Data:
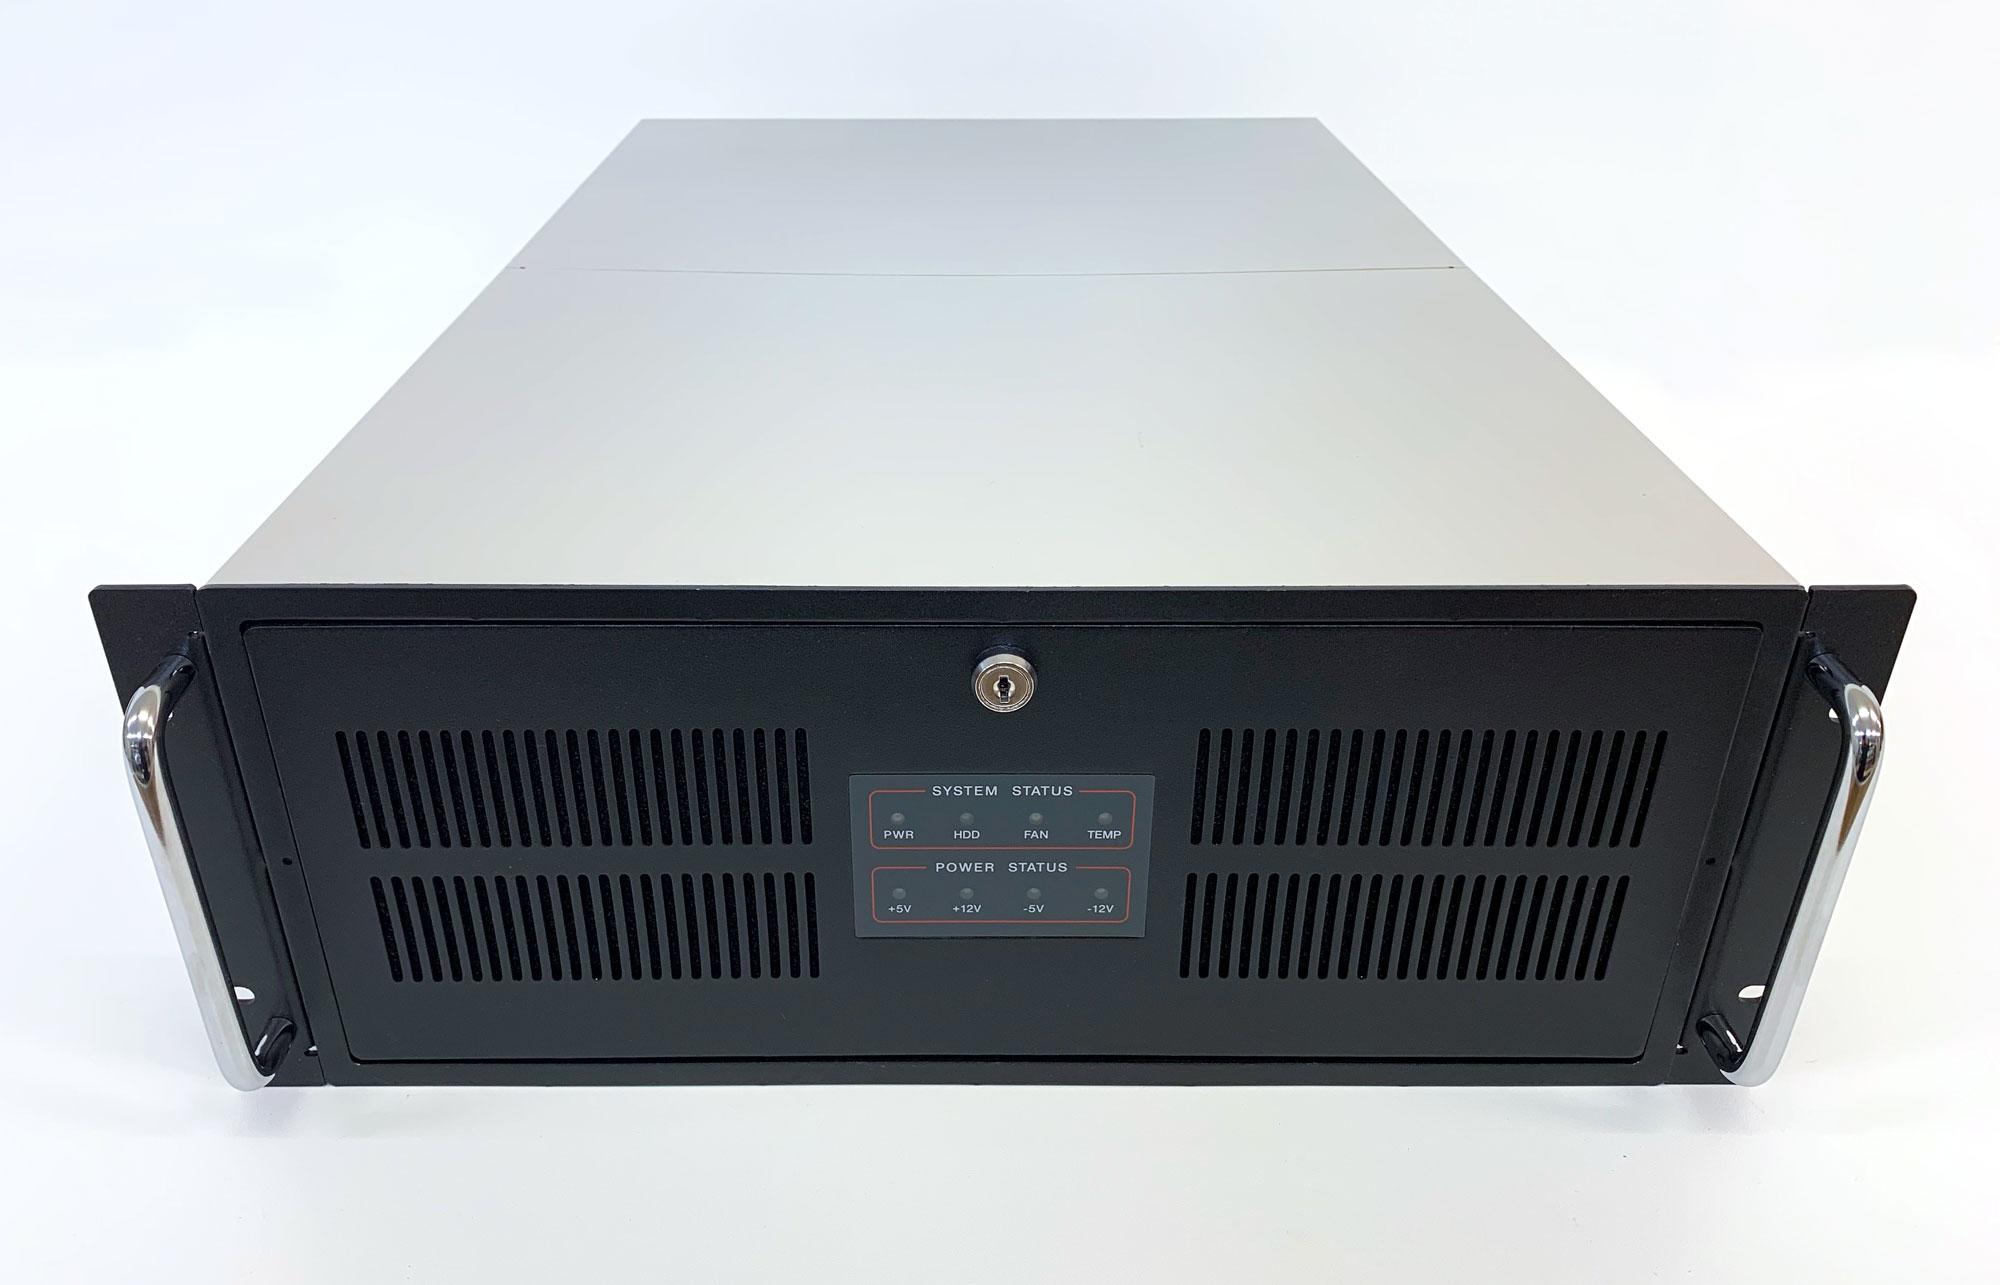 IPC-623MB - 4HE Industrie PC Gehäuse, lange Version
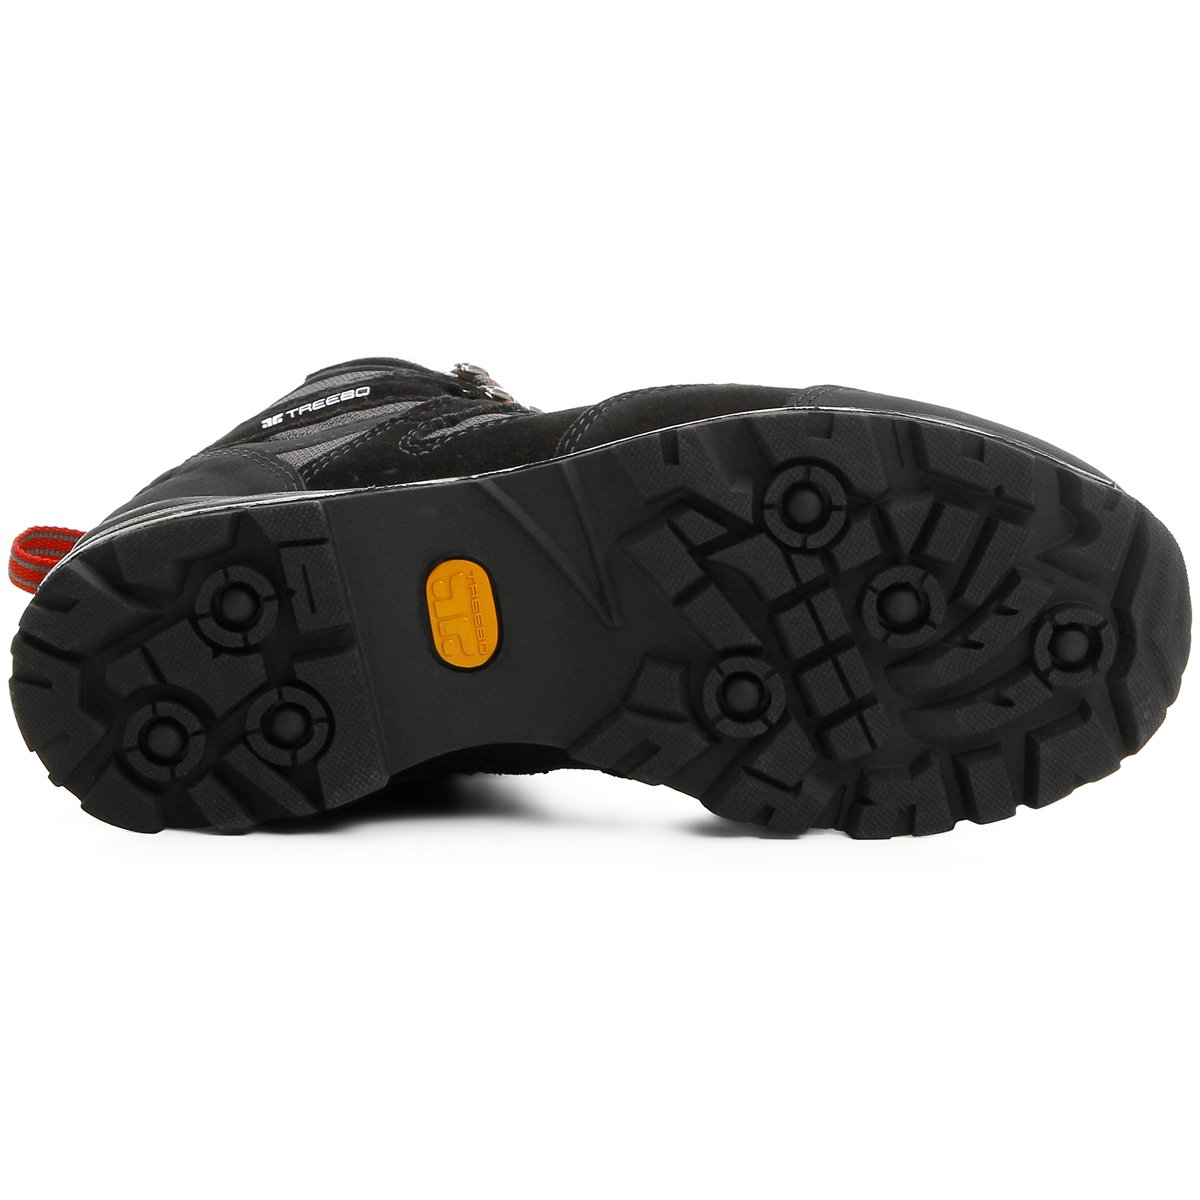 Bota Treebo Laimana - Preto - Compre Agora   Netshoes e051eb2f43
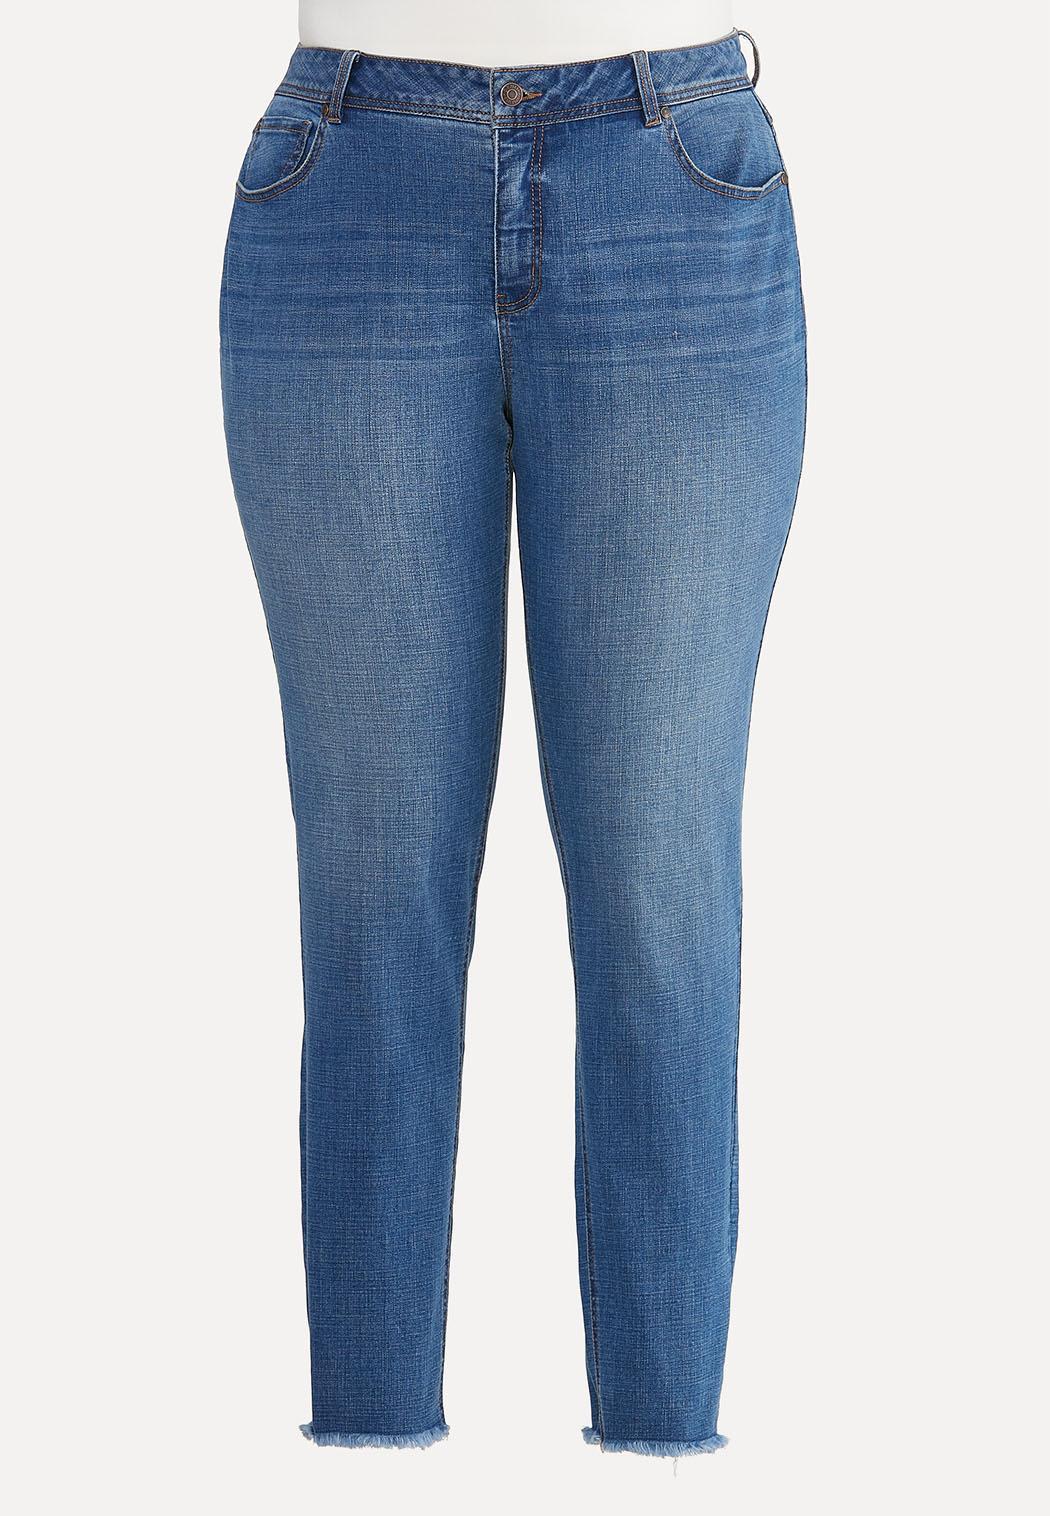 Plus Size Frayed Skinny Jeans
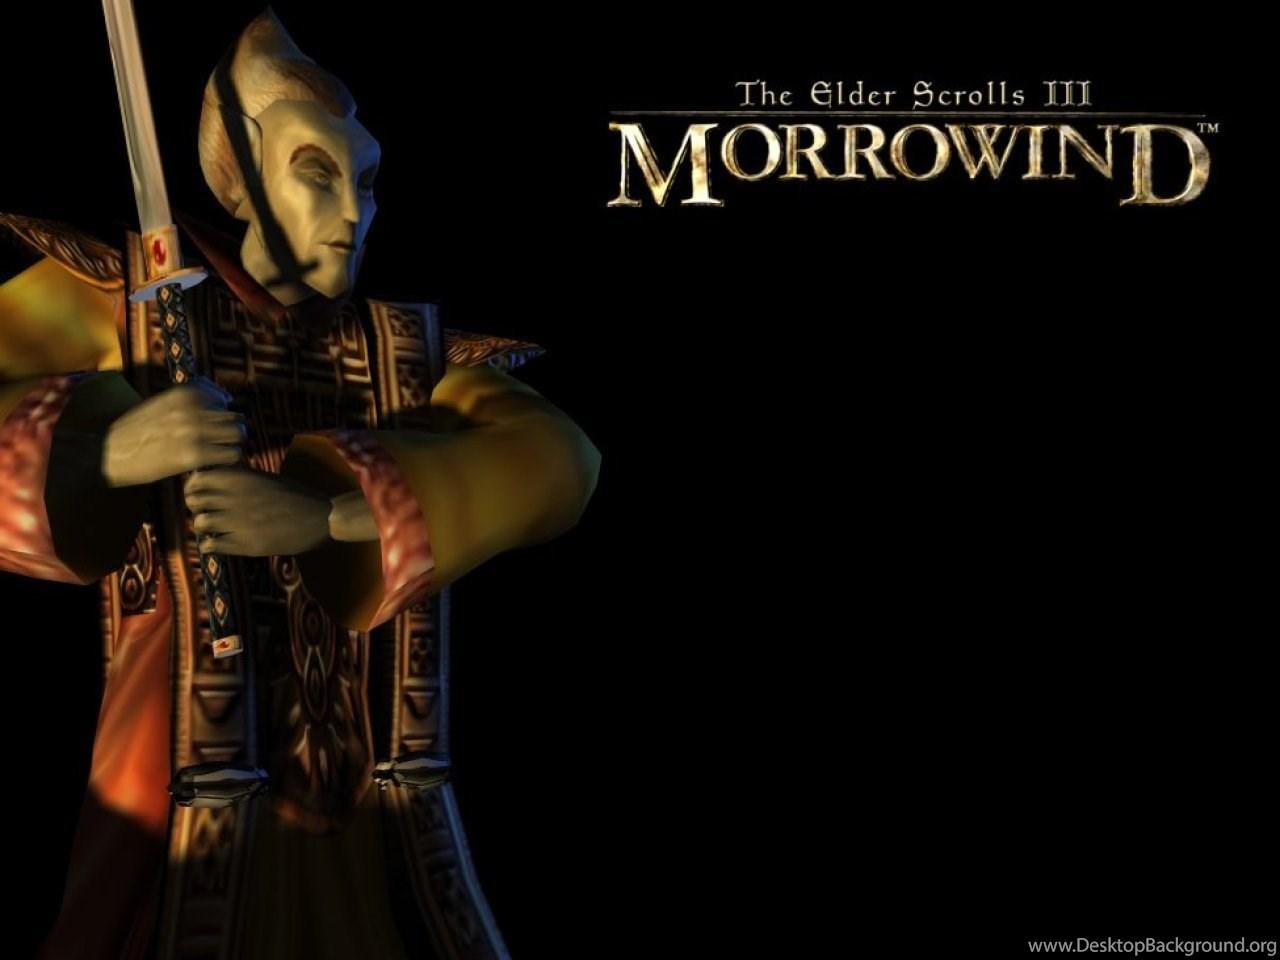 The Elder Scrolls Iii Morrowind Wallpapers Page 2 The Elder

Action item:
Exactly the lines from the line with "Bota Treebo Laimana" through the last line of the listing, both included, should be extracted, and the pictures left behind.

Exercise solution:
 Bota Treebo Laimana - Preto - Compre Agora   Netshoes e051eb2f43
 Plus Size Frayed Skinny Jeans
 The Elder Scrolls Iii Morrowind Wallpapers Page 2 The Elder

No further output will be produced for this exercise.